Lemon Drizzle Cake

From The Guardian; even though it's from the US edition it's a little challenging because it uses ingredients not all that common in the US. Also, the Brits write recipes differently.

Ingredients

175g butter, softened, plus a little extra to grease
2 unwaxed lemons
175g caster sugar (appears to be the same as superfine sugar)
Fine salt
3 eggs
100g self-raising flour
75g ground almonds
A little milk
100g demerara sugar

Instructions

1. Prepare the tin - Grease a 2lb loaf tin (ie, one measuring about 23cm x 13cm x 7cm [9in x 5in x 2.75in]) with butter or oil, and line with greaseproof paper. Heat the oven to 180C (160C fan)/350F/gas 4. Zest the lemons – if you haven’t got unwaxed (or organic) ones, give them a good scrub with hot water to remove some of the wax first, because this will give a better flavour.

2. Soften the butter - If you’ve forgotten to take the butter out of the fridge, cut it into cubes and leave it near the warm oven or give it a few good whacks with a rolling pin to help it on its way. (Microwaving will just melt the outside, which isn’t ideal.) Put the cubed butter in a large bowl, or in the bowl of a food mixer, with the caster sugar, a pinch of fine salt and half the lemon zest.

3. Cream the butter and sugar - Use electric beaters to beat the butter and sugar mix until it’s really light and fluffy, scraping down the sides of the bowl as necessary; this should take about five minutes. You can do this with a wooden spoon, but it will take a while, because you want to get as much air into the mix as possible. Cream the butter, sugar, the rest of the zest and a pinch of salt; get as much air in the mix as you can.

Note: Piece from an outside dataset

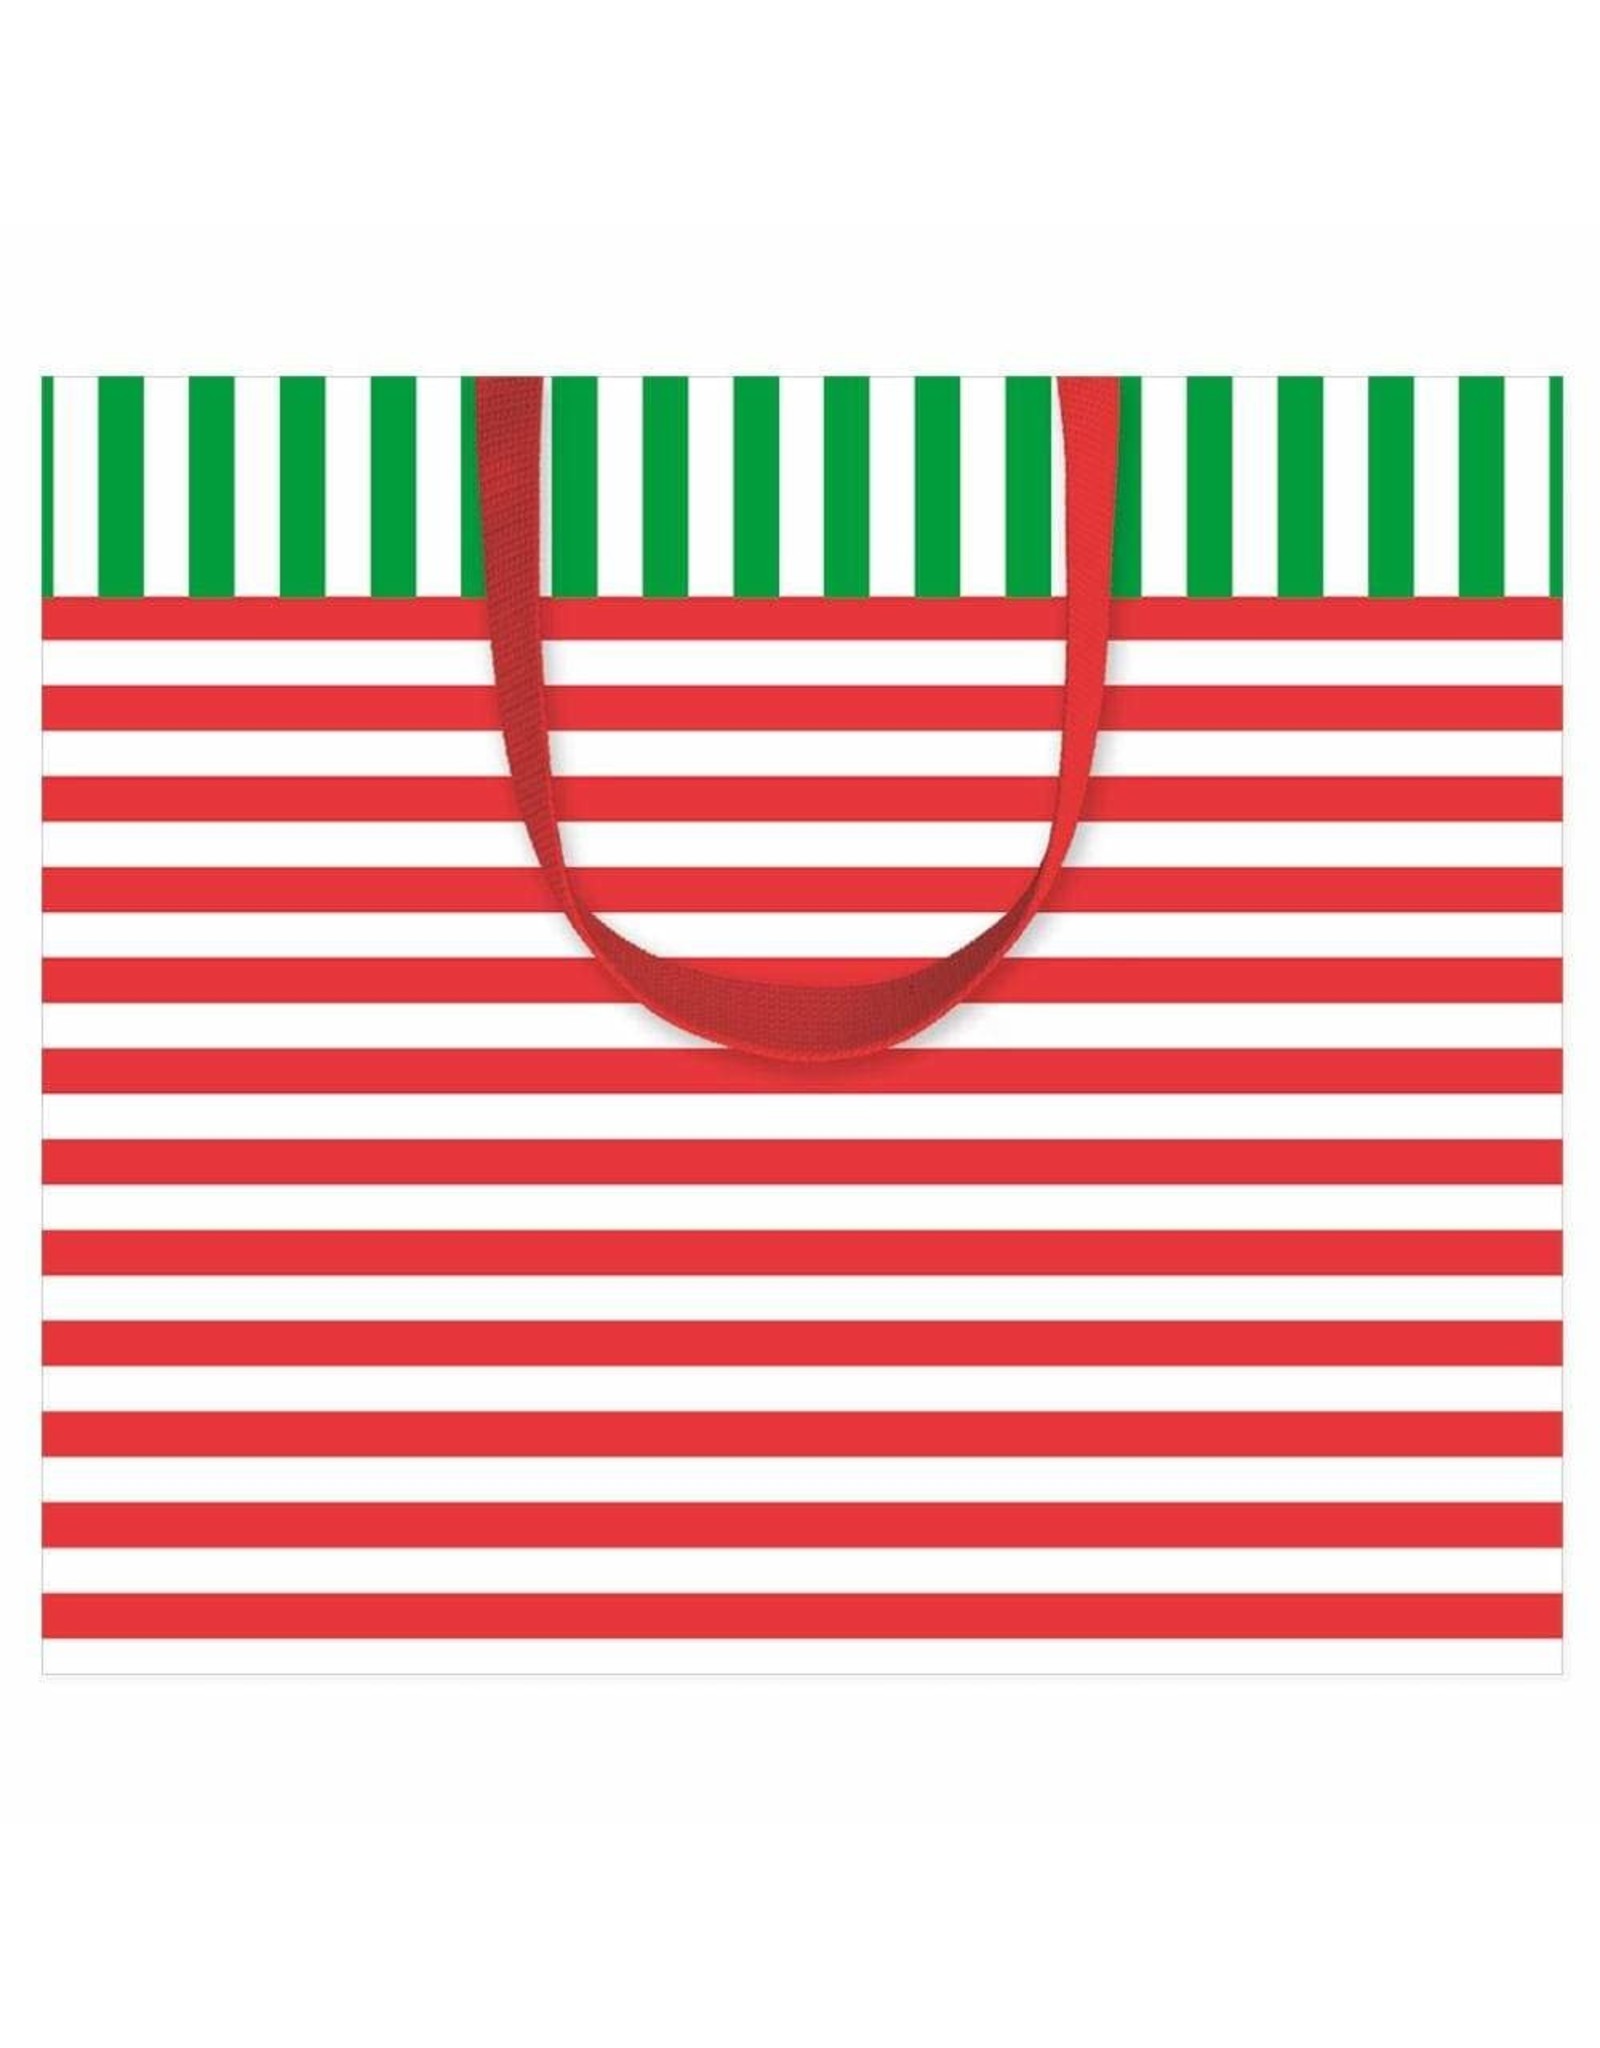 Caspari Christmas Gift Bag Large 11.75x4.75x10 Club Stripe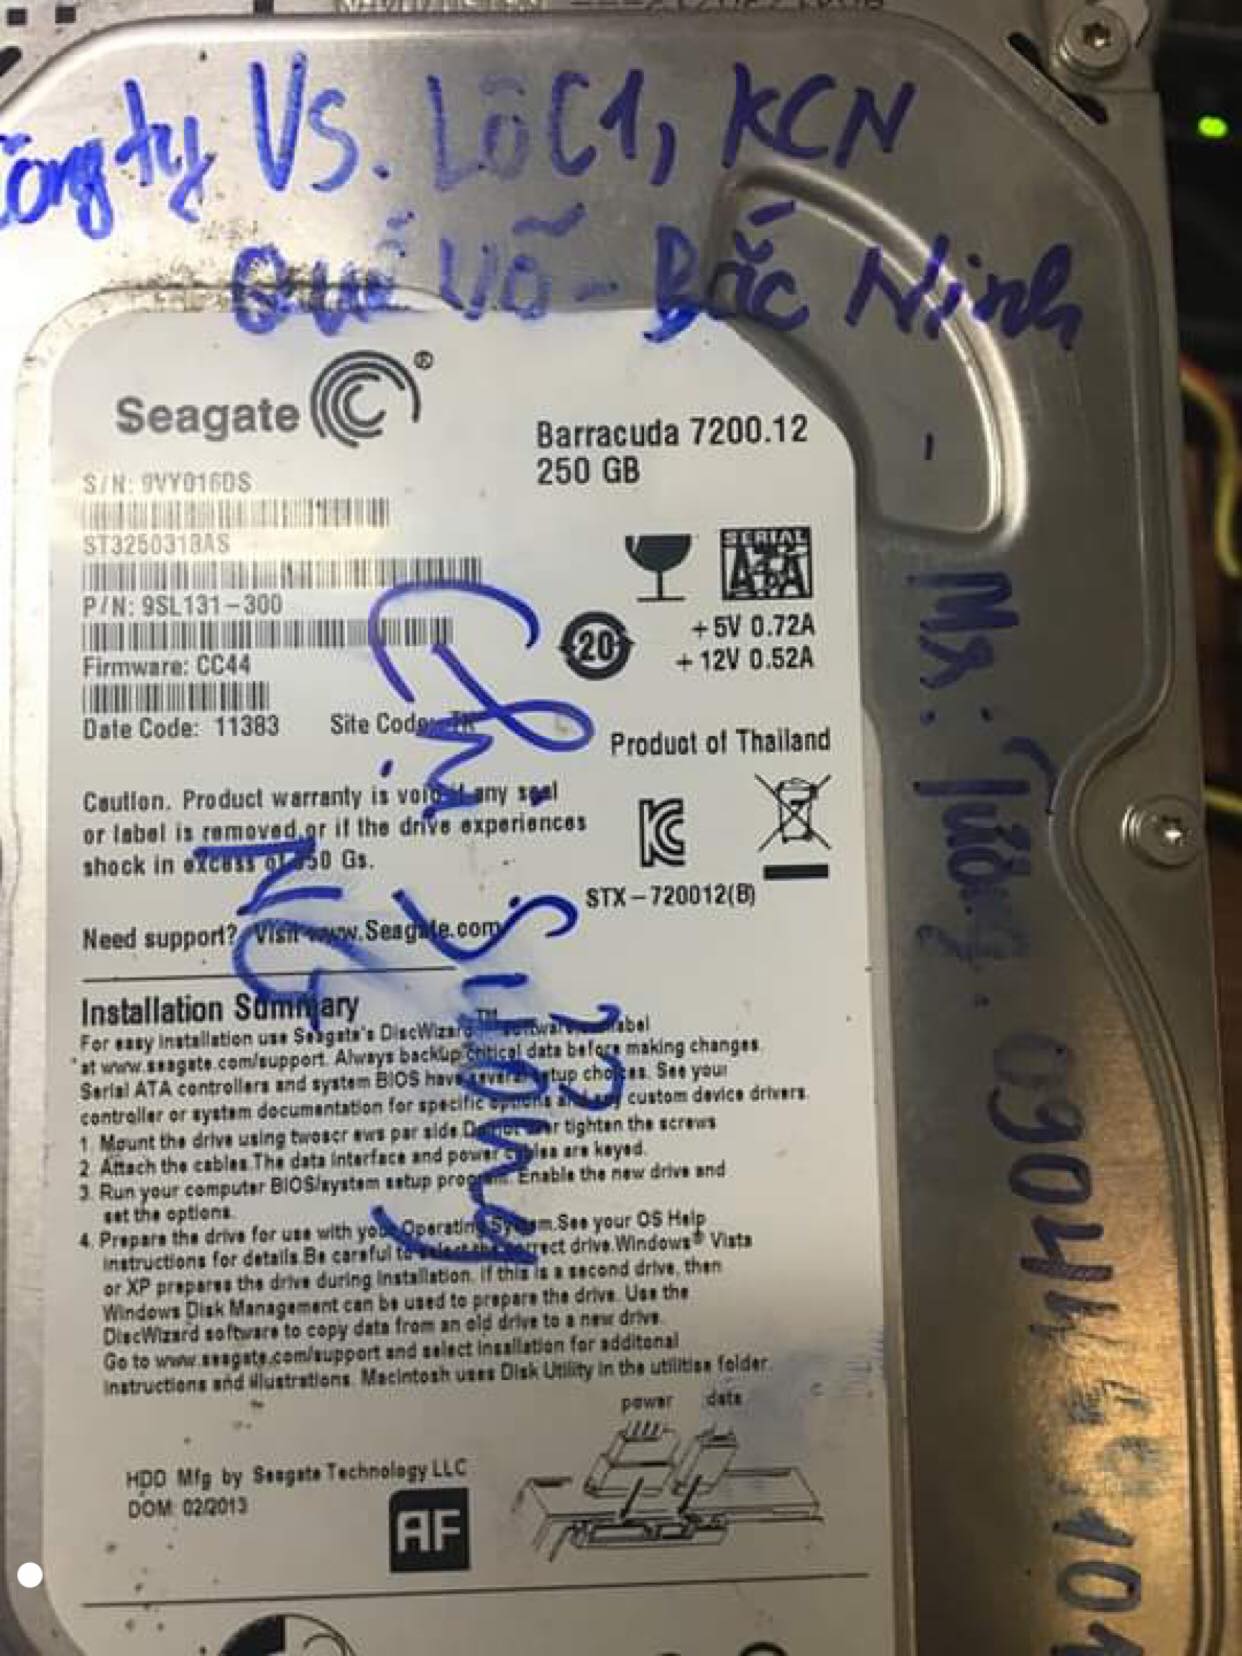 Cứu dữ liệu ổ cứng Seagate 250GB lỗi đầu đọc tại Bắc Ninh 29/08/2019 - cuumaytinh

4. Add the eggs - Beat together the eggs in a jug, then beat them into the butter and sugar mixture a little at a time, making sure each addition is thoroughly incorporated before adding any more. If the mixture threatens to curdle at any point, add a little of the flour to bring it back to a smooth consistency.

5. Incorporate the flour - Tip the flour into a sieve and sift it on top of the butter and sugar mixture – though this is not vital, it will help to give a lighter, fluffier result, so I’d recommend it. Use a large metal spoon gently to fold in the flour with a slow, figure-of-eight motion, being careful to knock as little air out of the mix as possible.

6. … and the ground almonds and milk - Put the ground almonds in a bowl, give them a quick whisk to break up any lumps, then fold into the batter in the same way as the flour. Gradually mix in just enough milk to thin down the batter to a consistency that will reluctantly drop off a spoon.

7. Pour into the tin and bake - Pour the batter into the prepared tin and gently level the top. Put in the hot oven and bake for about 50-55 minutes, or until the top is golden and risen, and a skewer pushed into the centre comes out clean, or at least without any wet batter clinging to it; a few crumbs are fine.

8. Now for the drizzle - Juice both lemons and mix this with the demerara sugar and the remaining lemon zest. Leave the cake in the tin, and poke small holes evenly all over the top, then pour over the drizzle bit by bit, waiting for it be absorbed before adding any more. Leave the cake to cool in its tin before turning out.

 

More notes - just for fun and because I feel like typing, here's some of the interesting differences between Brit-style recipe and American:

1) Somewhat rarer ingredients - Caster sugar and demarara sugar don't show up often in US recipes. Majority of American recipes use regular flour, self-raising is rare. I've never seen ground almonds in a store so any American recipe that uses ground almonds would also include instructions on how to grind them; perhaps they're easier to find in Great Britain or perhaps they're used so commonly that it's assumed the home cook knows how to make them.

2) Obvious differences in units of measurement, although metric weights for ingredients actually aren't all that strange. Brit recipes always include three different oven settings (centigrade, farenheit, and some kind of gas number), so they obviously have different types of ovens; in America all recipes simply use farenheit. I was amused by the recipe insisting on providing metric sizes for the loaf pan of "about" 23cm x 13cm x 7cm which are odd numbers, when the pan is clearly a standard imperial size of 9in x 5in.

3) Different ways to reference equipment - Americans never use the word "tins", we would simply call it a pan. Probably wouldn't refer to paper as "greaseproof" paper and probably would specify parchment paper. Beat the eggs in a "jug", we'd say small bowl.

4) And simply the way the instructions are written is slightly different. Instructions are slightly wordier, and giving instructions on how to soften butter is a little odd.